Pommier en fleur : c’est la période critique pour lutter contre les dégâts occasionnés par divers insectes qui coïncide avec le pic de nidification des mésanges

Efficaces

Mésanges charbonnières ; cette espèce commune exploite volontiers les vergers

Une première étude a été conduite en Allemagne (1) sur un verger expérimental de pommiers avec une forte densité de chenilles dont celles qui s’attaquent aux jeunes pommes en formation. Des nichoirs installés dans ce verger maintenaient une population de mésanges charbonnières qui les ont adopté très facilement : ces oiseaux se nourrissent préférentiellement de chenilles lors de la période d’élevage de leurs jeunes. Pour mieux mesurer l’impact de la prédation de ces mésanges, on a placé des filets sur certains arbres à des périodes différentes et sur des durées différentes au cours de la belle saison pour les rendre inaccessibles aux mésanges ; sur d’autres arbres, en cours de saison, là encore à des moments différents, on supprime les chenilles présentes sur ces arbres. Au moment de la récolte des pommes, on peut évaluer l’impact de ces divers traitements expérimentaux en mesurant la production de fruits.

L’effet des mésanges sur les dégâts causés par les chenilles sur les pommes est significatif mais relativement modeste : le pourcentage de dégâts sur les pommes passe de 13,8% à 11,2% soit une production par arbre qui passe de 4,7 à 7,8kg de pommes. Plus on laisse les arbres accessibles longtemps durant la période de reproduction des mésanges (et donc de recherche active de chenilles) du début de la ponte des œufs à l’envol des jeunes, et moins il y a de dégâts aux fruits (expériences avec les filets). Les dégâts étaient particulièrement importants quand on retire les filets après le stade de formation des jeunes pommes, les chenilles installées dans les pommes devenant alors incessibles aux oiseaux.
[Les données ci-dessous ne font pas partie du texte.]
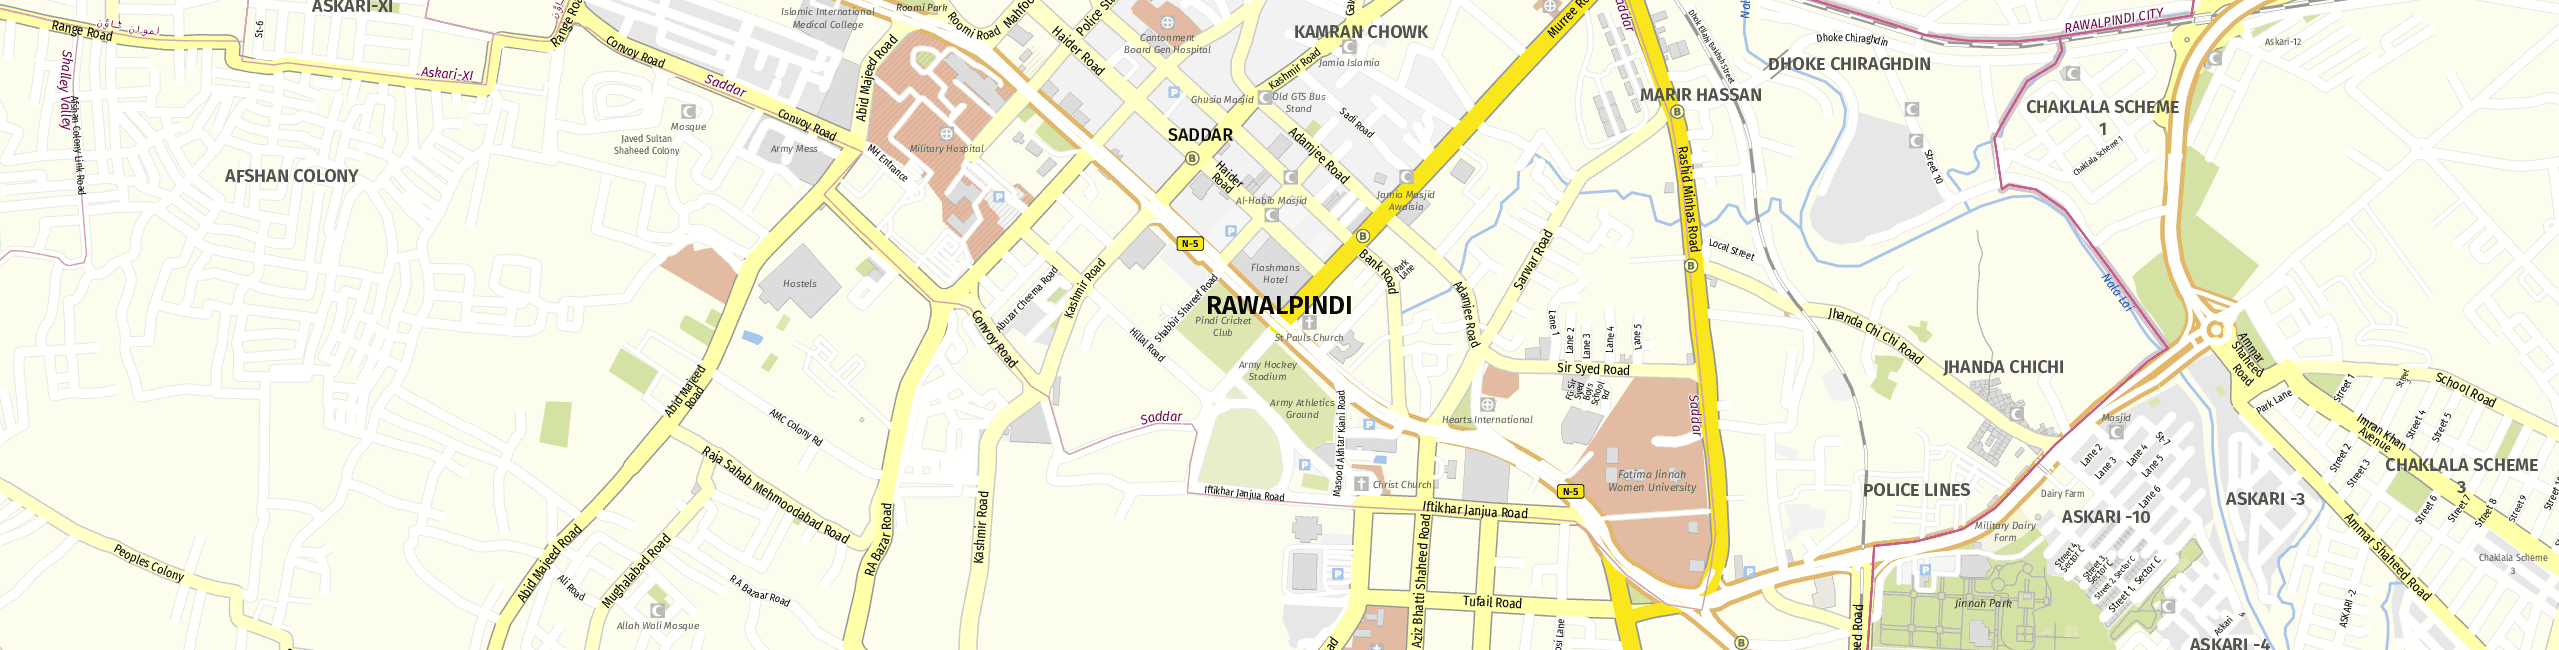 Stadtplan Rawalpindi zum Downloaden.

Donc, oui, les mésanges charbonnières au moins sont capables de réduire les dégâts engendrés par les chenilles dans les vergers de pommiers. Mais qu’en est-il selon la densité de chenilles (ici, la densité était forte) ?

Surprenant !

La même équipe de chercheurs, cinq ans plus tard, (2) a comparé l’impact de l’installation de nichoirs à mésanges charbonnières dans deux types de vergers. Les uns, conventionnels et intensifs, sont en mode gestion intégrée des ravageurs : il s’agit d’essayer de diminuer le nombre de traitements de pesticides et les quantités utilisées en effectuant par exemple un suivi des populations des ravageurs par piégeage et en ne traitant que si la densité dépasse un certain seuil. Les autres étaient gérés en mode agriculture biologique sans aucun traitement chimique. De manière très surprenante, bien que la densité de chenilles soit nettement inférieure dans les vergers conventionnels (du fait des traitements même s’ils sont en principe moindres), c’est là que l’impact des mésanges charbonnières sur la production de pommes est le plus significatif avec une réduction de moitié des dégâts infligés aux pommes par les chenilles ; dans les vergers bios, aucun effet « mésanges » sur les dégâts aux fruits n’a pu être détecté !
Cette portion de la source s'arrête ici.